Stored data →
________

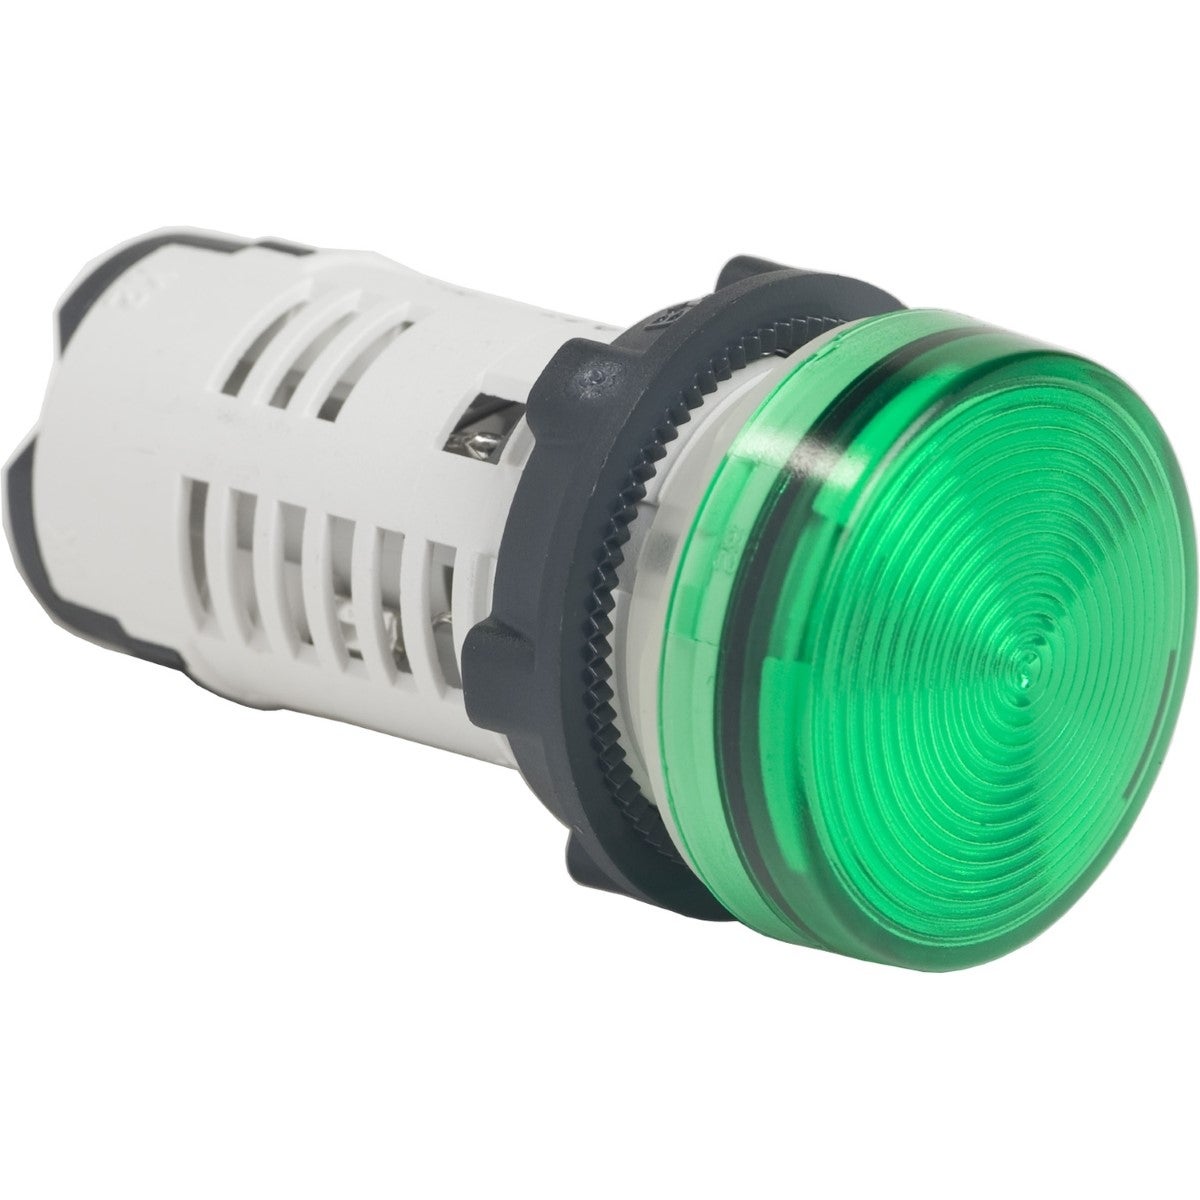 Monolithic pilot light, plastic, green, Ã˜22, integral LED, 110...120 V AC
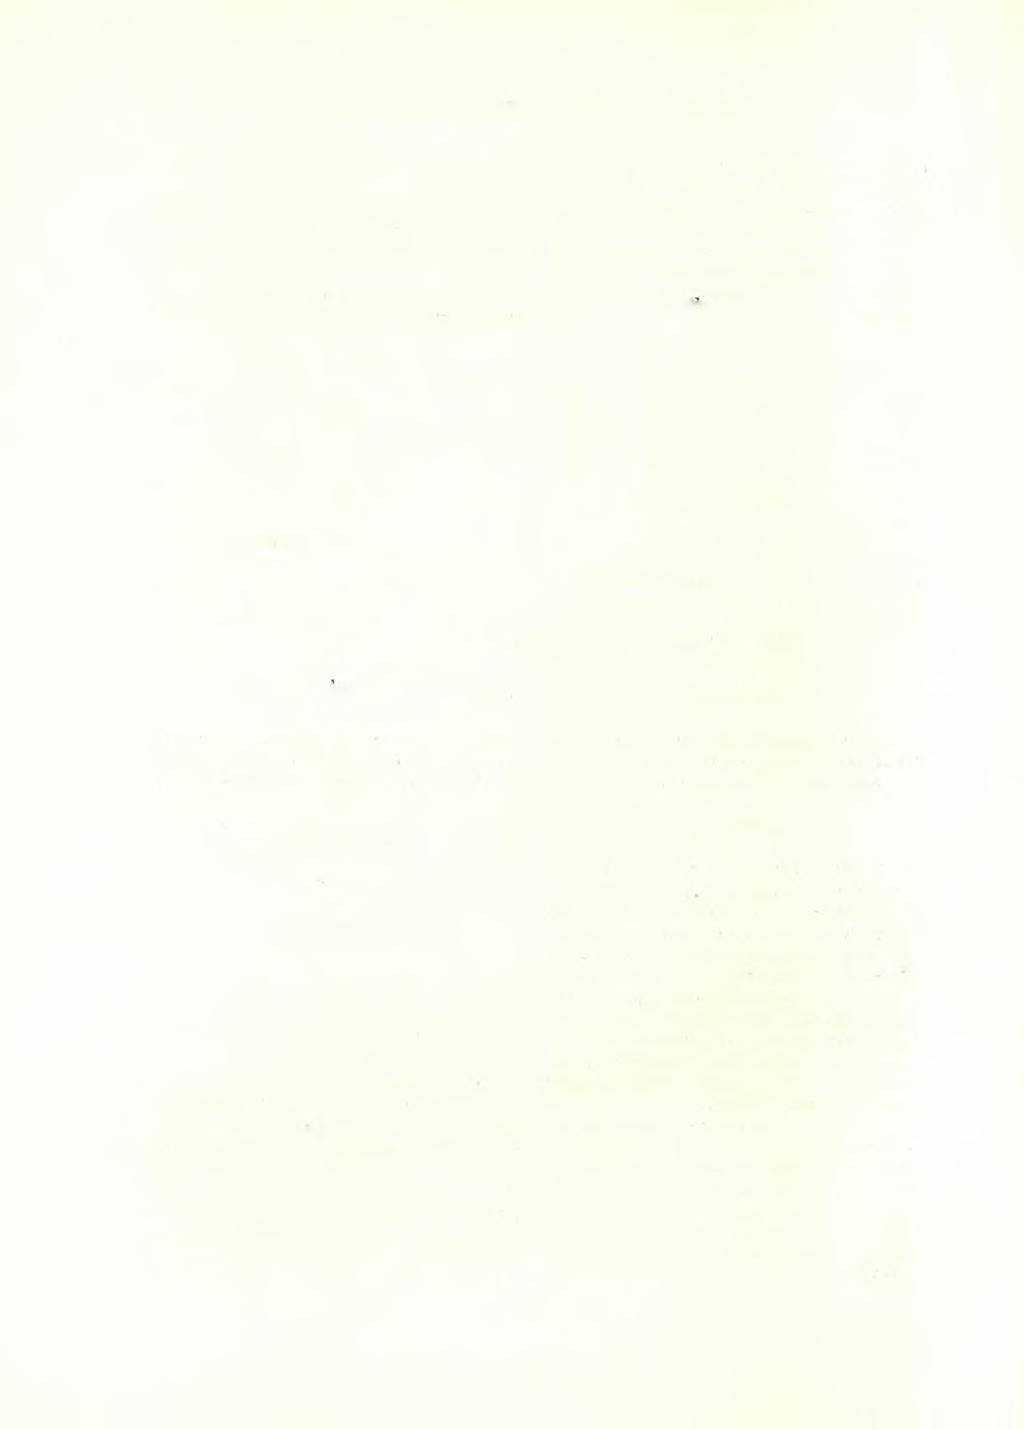 36 ΑΡΧΑΙΟΛΟΓΙΚΟΝ ΔΕΛΤΙΟΝ 17 (1961 /2): ΧΡΟΝΙΚΑ έπΐ τής άνω έπιφανείας φέρει τήν έγχάρακτον μετά τήν όπτησιν τοο άγγείου έπιγραφήν ( Π ί ν.
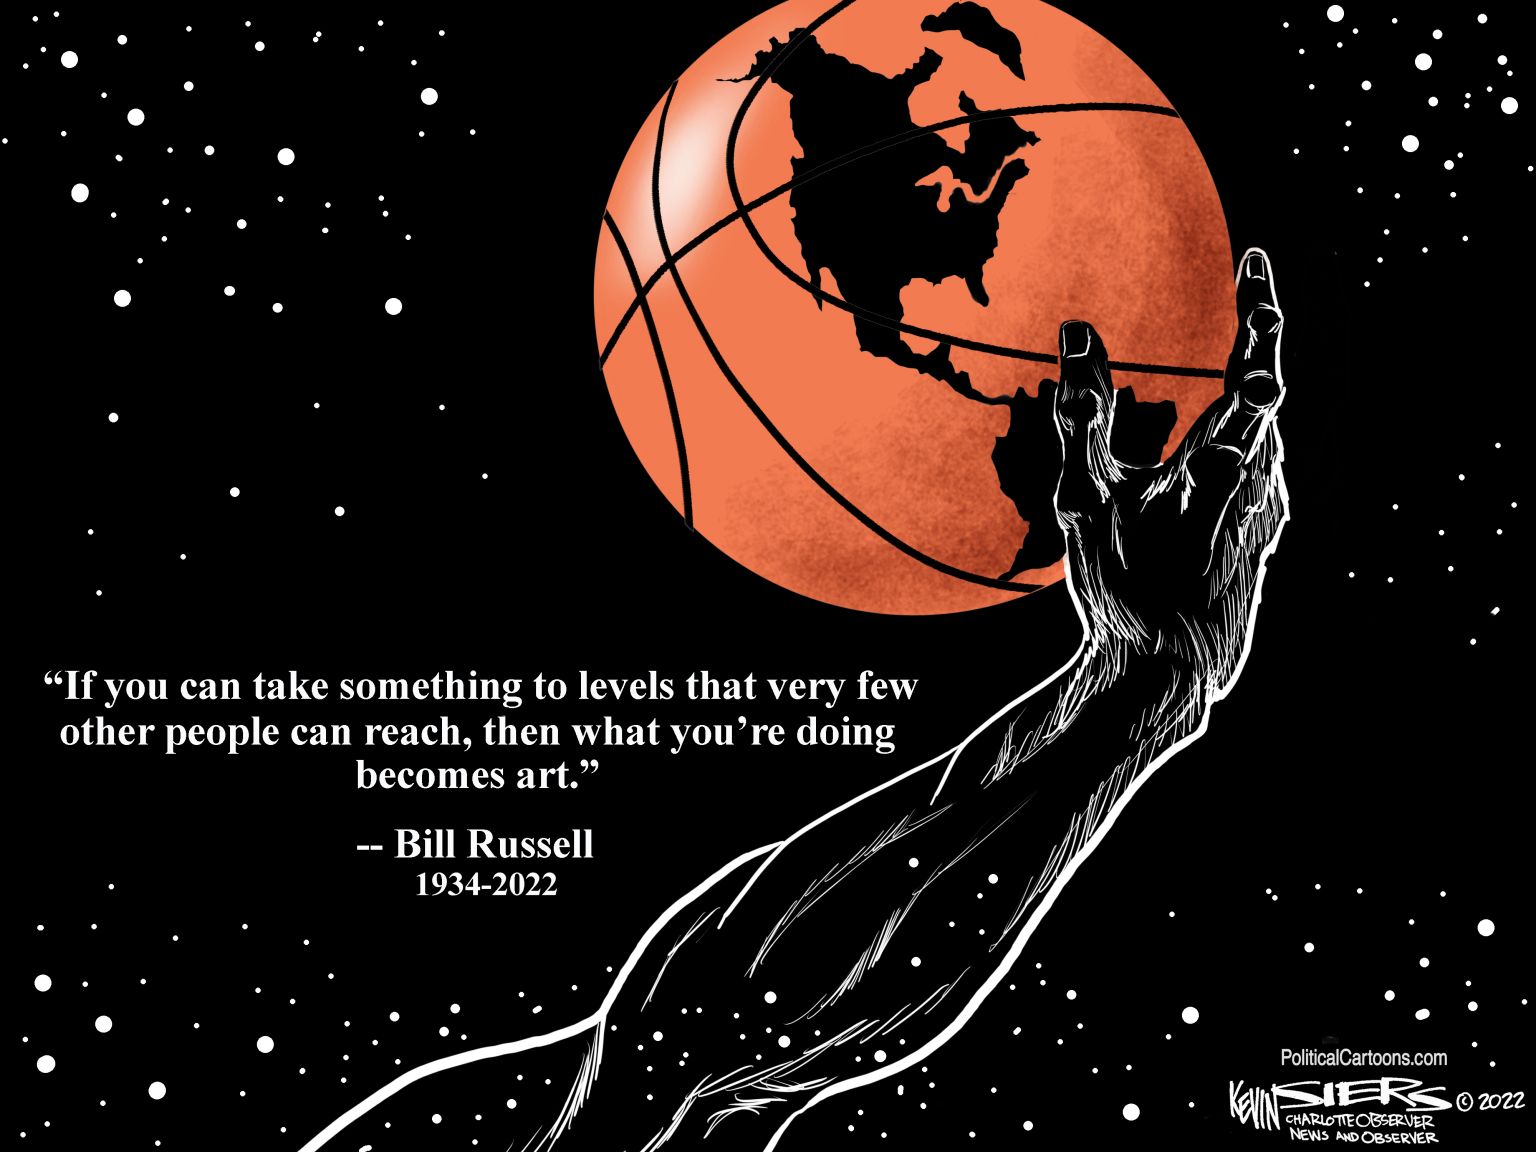 Bill Russell - newsjustin.press editorial cartoon

________

Exactly as written, restate all of the data, leaving out the images.

Answer below →
 Monolithic pilot light, plastic, green, Ã˜22, integral LED, 110...120 V AC
 36 ΑΡΧΑΙΟΛΟΓΙΚΟΝ ΔΕΛΤΙΟΝ 17 (1961 /2): ΧΡΟΝΙΚΑ έπΐ τής άνω έπιφανείας φέρει τήν έγχάρακτον μετά τήν όπτησιν τοο άγγείου έπιγραφήν ( Π ί ν.
 Bill Russell - newsjustin.press editorial cartoon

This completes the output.